The aim of our study was to evaluate the effect of the combined administration of fluoxetine and melatonin on mood, sleep quality and body mass index in postmenopausal women.

MATERIAL AND METHODS

Patients

Sixty four women, aged 54 – 65 years (mean age 57.2 ± 4.9 years) were enrolled into the study. The patients were recruited from the Menopause Outpatient Clinic in 2007 – 2013 years. The study was conducted in Department of Clinical Nutrition and Gastroenterological Diagnostics of Medical University in Lodz (Poland) in the same time. The clinical examination included the measurement of the body height and weight used to calculate the body mass index (BMI) and psychosomatic symptoms according Greene climacteric scale.

The patients qualified for the study gave their written consent. The approval of the Bioethics Committee of the Medical University of Lodz was also obtained. The investigations were performed in accordance with the principles of the Declaration of Helsinki and according to the CONSORT guidelines for randomised trials with parallel groups.

Experimental procedures

The level of anxiety was determined using the Hamilton anxiety rating scale (HARS) and the severity of depression using the Beck depression inventory (BDI). Sleep quality was determined according to the insomnia severity index (ISI) in own modification, replacing the evaluation of the quality of life (0 – 4 scores) respectively with the 4-score assessment of the shortening of the sleeping time.

Laboratory tests comprised: blood cell count, serum levels of urea, creatinine, glucose, glycosylated hemoglobin, cholesterol, triglycerides, amylase, lipase, bilirubin, alanine and aspartate aminotransferase, thyroid stimulating hormone (TSH), 17-β-estradiol (Ortho-Clinical Diagnostics - Johnson and Johnson Co. kit) and follicle-stimulating hormone - FSH (Vitros Product antibodies).

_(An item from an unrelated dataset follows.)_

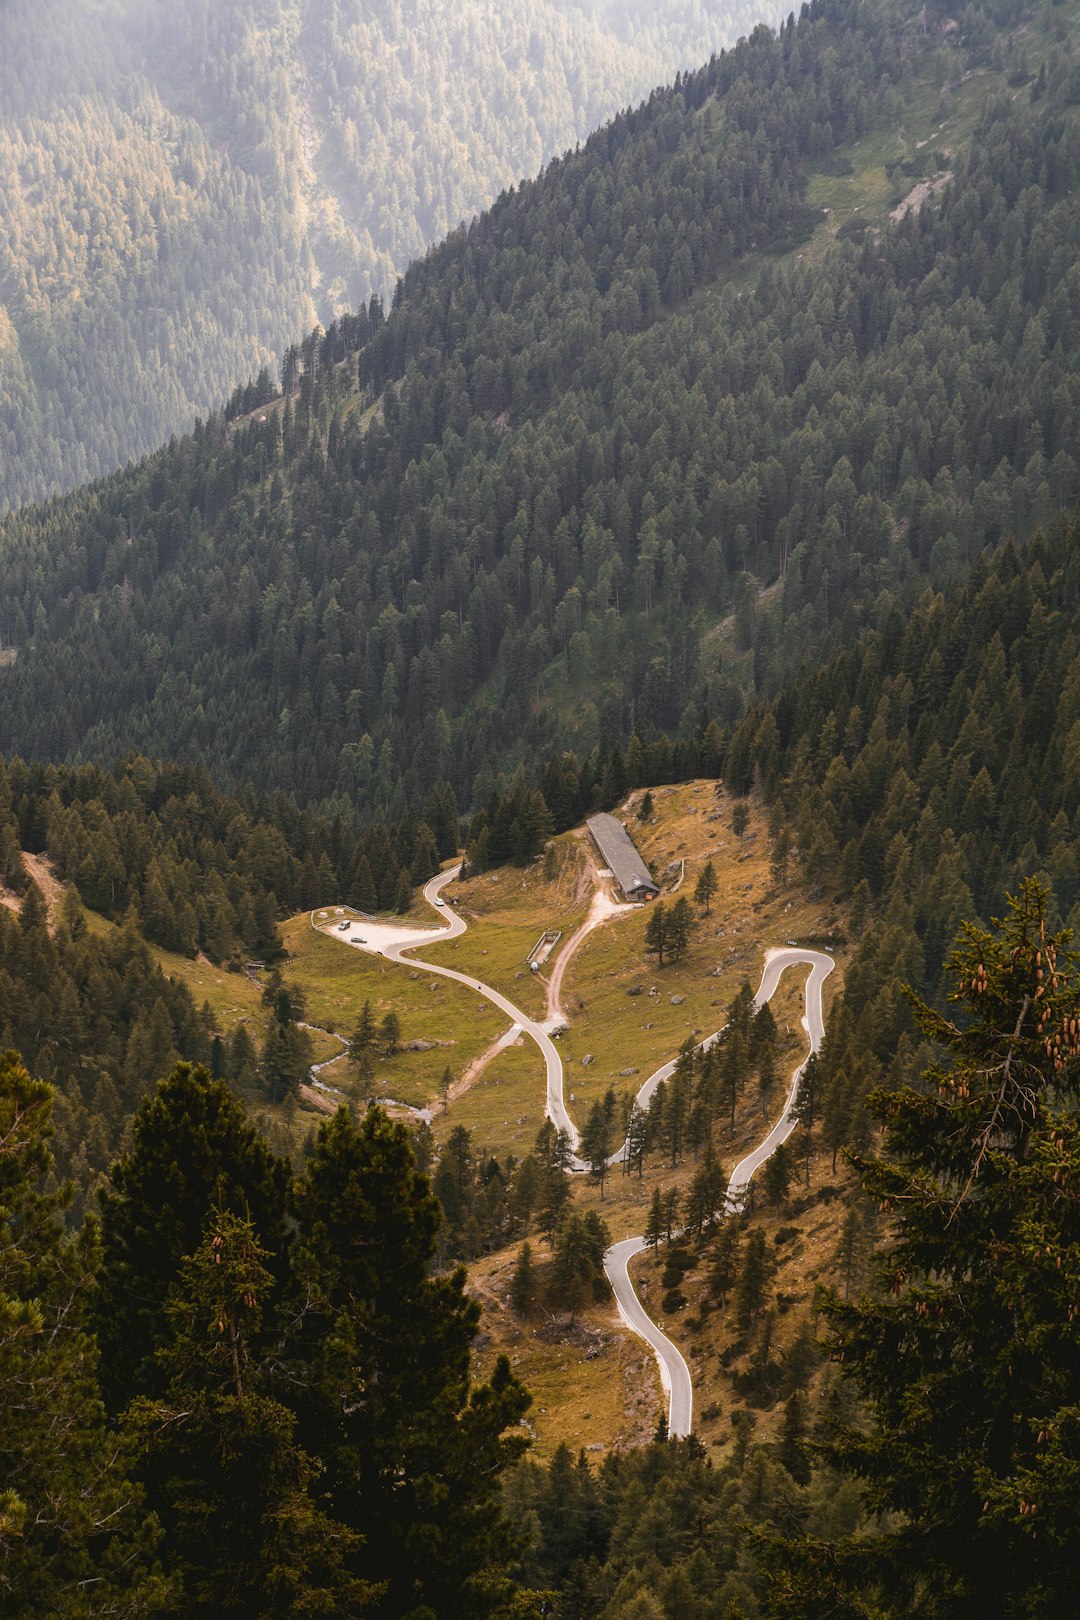 Winding road on a hillside

Inclusion criteria: minimum 3 years after the menopause, increased appetite minimum 5 points in the 10-points VAS scale, overweight minimum 15% of the normal weight, low level of 17-β-estradiol and the highest level of follicle-stimulating hormone, psychological and somatic symptoms in particular anxiety, the lowest mood, insomnia, increased appetite, hunger and nocturnal epigastric pain.

Exclusion criteria: severe symptoms of anxiety (over 30 points of HARS) and depression (over 25 points of BDI scale), other mental diseases, diabetes, hypertension and other diseases requiring pharmacotherapy, the use of hormonal replacement therapy.

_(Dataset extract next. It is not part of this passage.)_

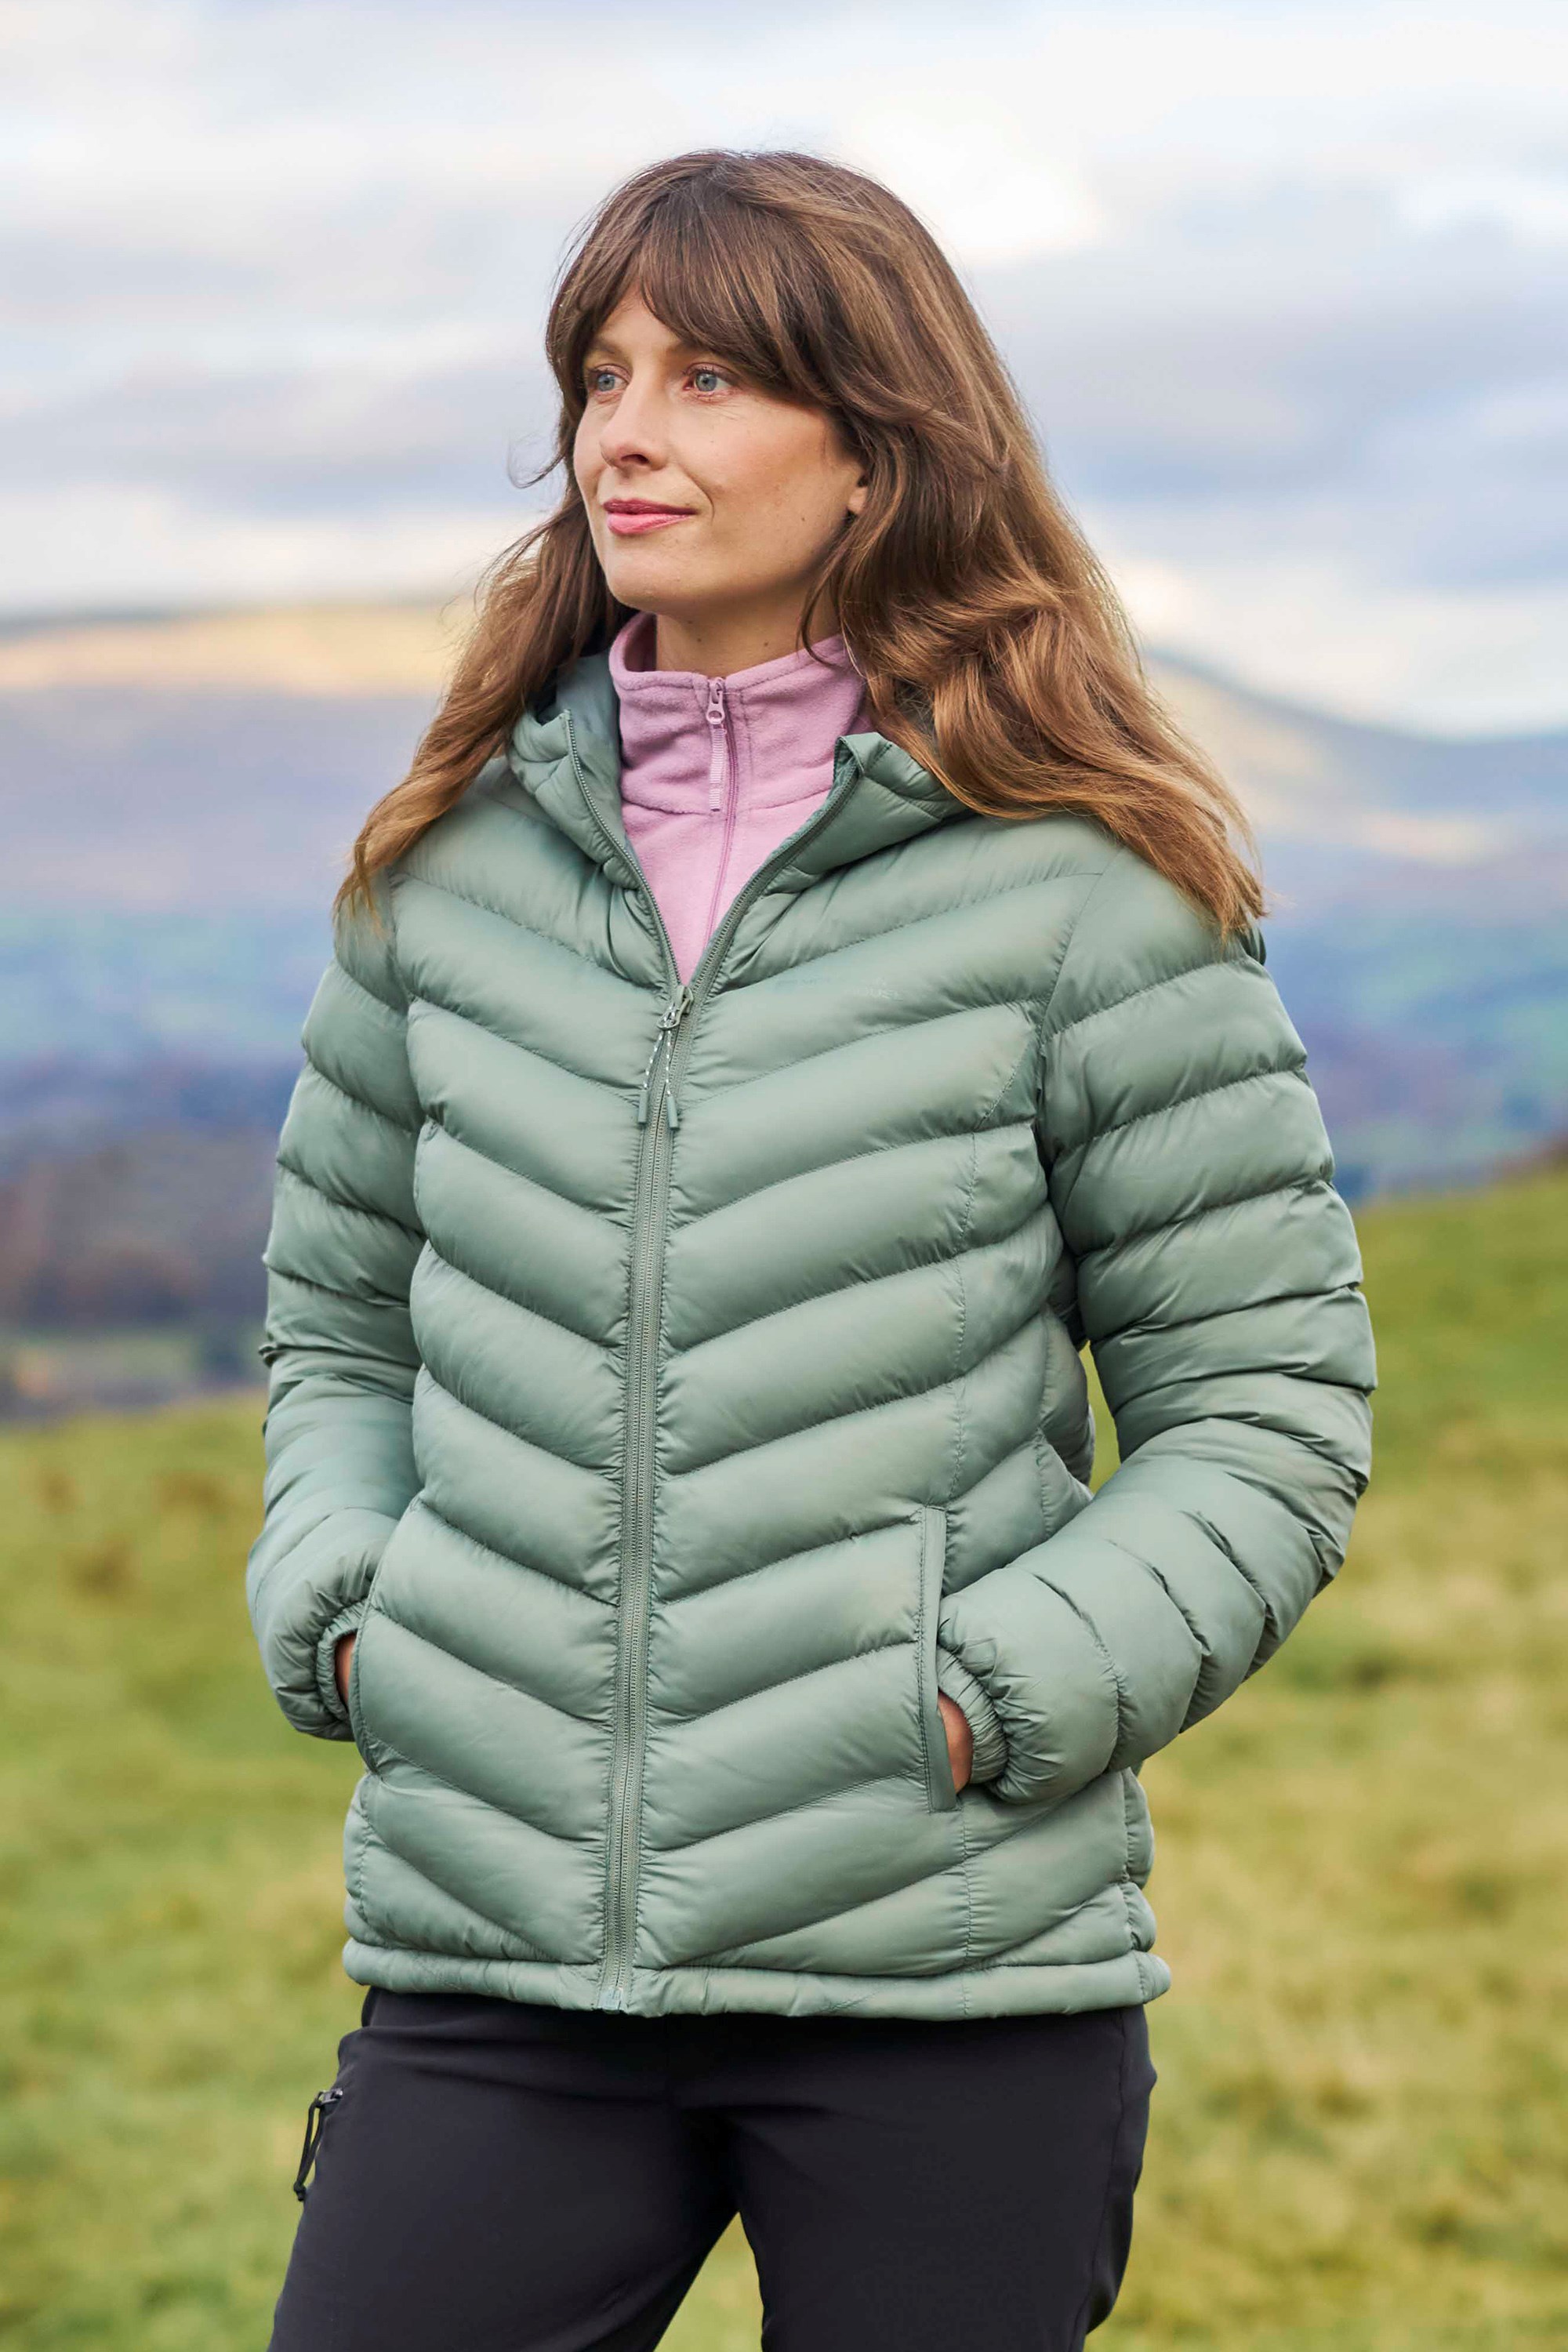 Women's Outdoor Jackets & Coats

After the preliminary examinations the patients were randomly alloted into two groups.

Group I (n = 30) was administered for 6 months fluoxetine (1 × 20 mg in the morning) and placebo (in the evening) and group II (n = 34) fluoxetine (1 × 20 mg in the morning), and melatonin (5 mg in the evening). Packs of drugs were prepared by one of the physicians in Department of Clinical Nutrition and the blinded nurse delivered it to patients. Furthermore, a standardized diets of 1500 kcal were recommended; diets were prepared using ALIANT programme. The follow-up appointments were scheduled at week 2, 4, 8, 12, 16, 20 and 24. The extended tests were performed before and 12 and 24 weeks after the treatment and they included the assessment of the level of anxiety and depression, quality of sleep and BMI.

Statistical analysis

The statistical analysis was conducted by the Mann-Whitney test because the distribution of the most initial values of parameters in both groups were showed. ANOVA Friedman test was used to compare mean results of these groups in the time intervals. The results are presented as mean values and standard deviations. Calculations were performed with STATISTICA 9.1 software (AxAP106E735914191-F license, StatSoft Inc., Cracow, Poland).

RESULTS

General characteristic of postmenopausal woman in both groups is presented in Table 1. Another results of laboratory tests were contained in normal limits.

Table 1. General characteristics and initial results of women enrolled in the study.
Table 1
Group I: patients taking fluoxetine and placebo; Group II: patients taking fluoxetine and melatonin; differences statistically insignificant.
BMI - body mass index, HARS - Hamilton anxiety scale, BDI - Beck depression inventory, ISI - insomnia severity index, FSH - follicle-stimulating hormone.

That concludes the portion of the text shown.